Why was the $243$-graph version of Conway's $99$-graph problem easy enough to be solved? I know that there is a thousand-dollar prize for Conway's 99-graph problem. I also know that there is a graph called the Berlekamp–Van Lint–Seidel graph that solves the 243-graph version of this problem. Why was the 243-graph problem easier than the 99-graph problem even though all the conditions for the existence of such a graph were true?
 A: Even for $99$ vertices, you can't just solve a problem like this by checking all approximately-$10^{1304}$ possible graphs to see if they satisfy the condition. Both of these cases of the problem are out of the reach of brute force.
So what do we do if we abandon brute force, because checking all graphs is hard? We can hope to find an answer that's a very nice graph with a simple and highly symmetric construction. Here, $243$ has an advantage over $99$, because $243 = 3^5$ is a high power of a small prime.
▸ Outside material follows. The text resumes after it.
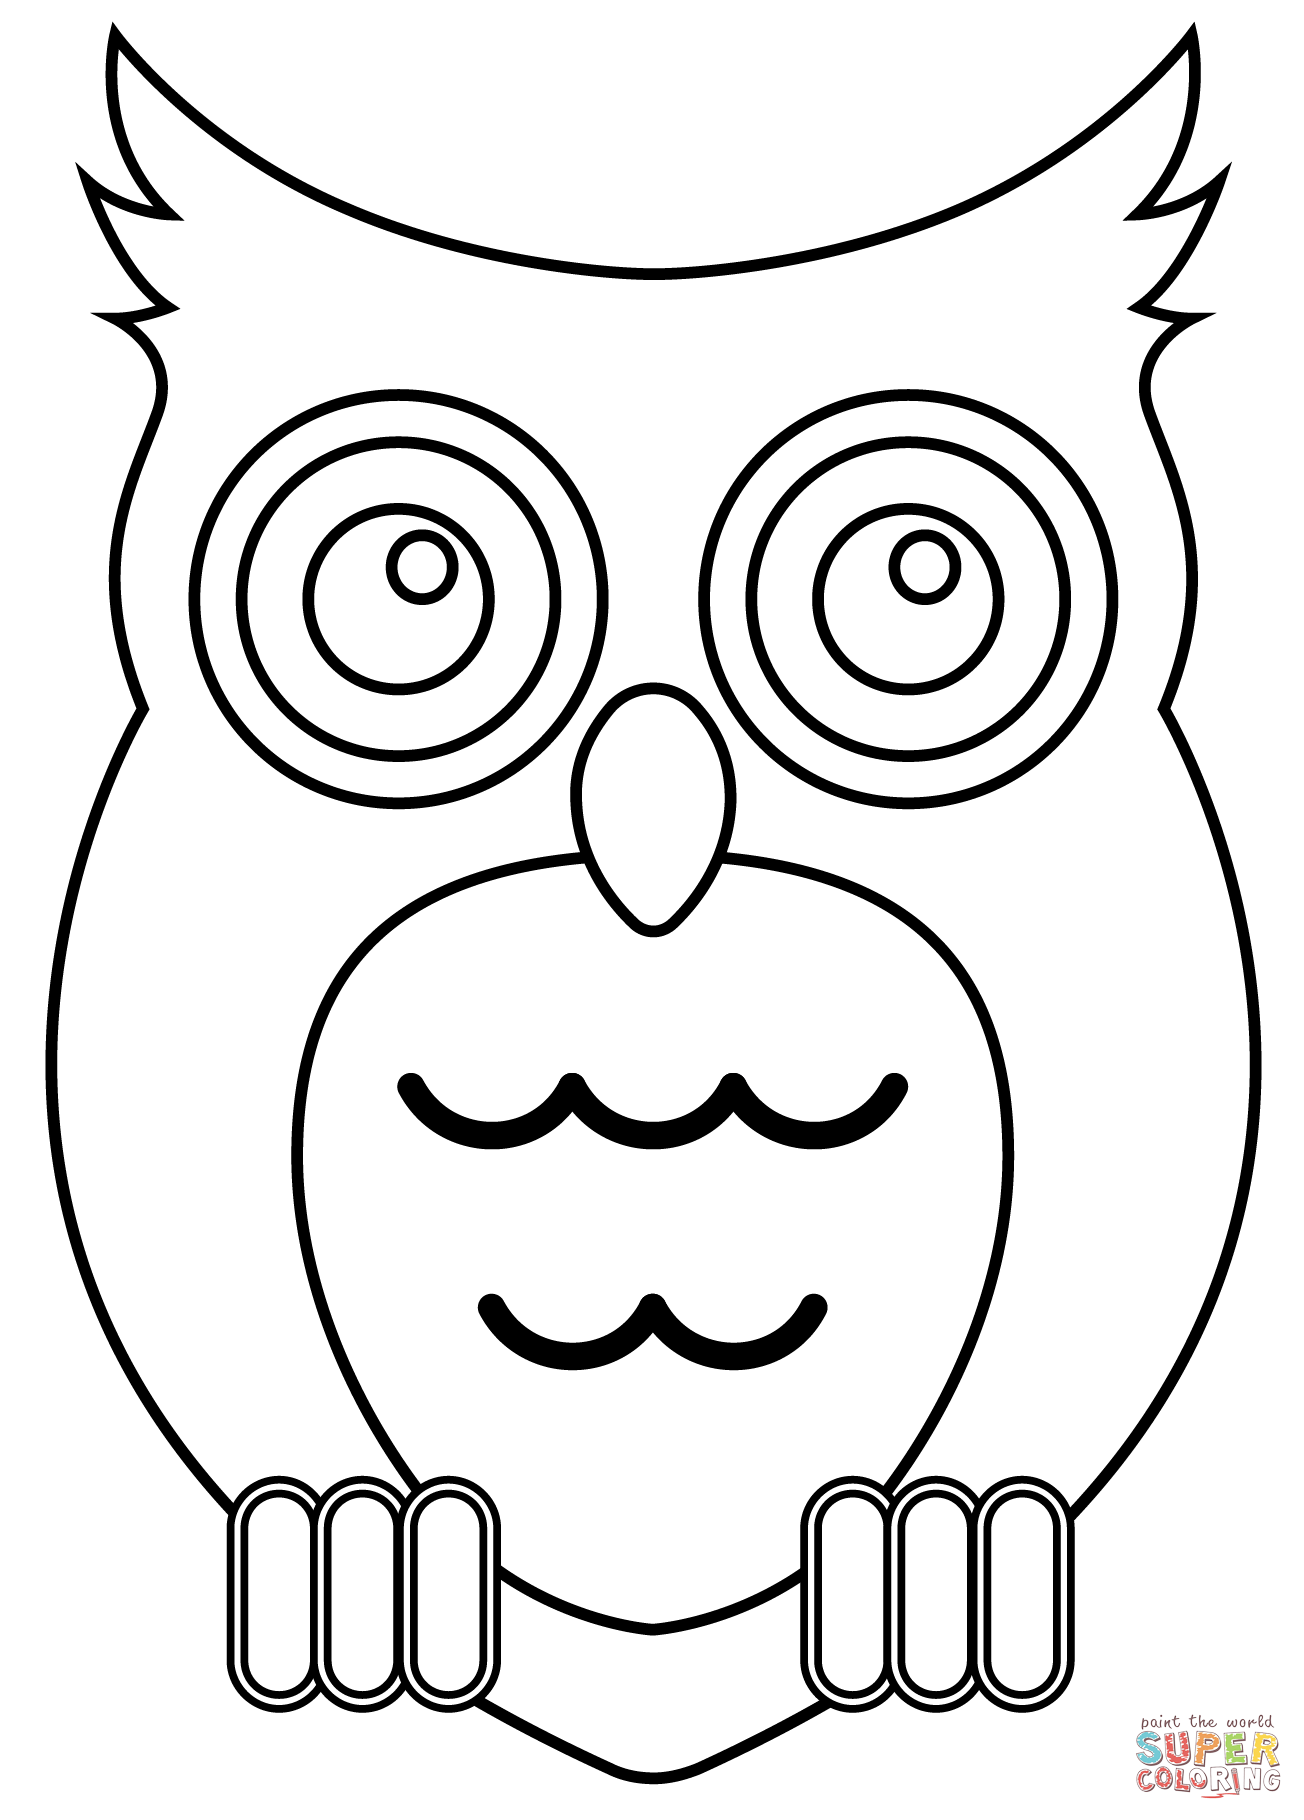 Owl emoji coloring page free printable coloring pages

We can define Berlekamp–Van Lint–Seidel graph in terms of modulo-$3$ arithmetic in $\mathbb F_3^5$. When we do this, it's so symmetric that we can check Conway's condition for it by checking it for just one pair of adjacent vertices and one pair of non-adjacent vertices.
With $99$ vertices, there is no hope for an equally-nice construction. It has already been checked (by Wilbrink in 1984) that there's no vertex-transitive solution. We cannot prove that there is no $99$-vertex solution at all, because it's hard to guarantee that a weird, asymmetric, messy graph will not spontaneously happen to satisfy Conway's condition. But we also don't know where to start looking for weird, asymmetric, messy solutions.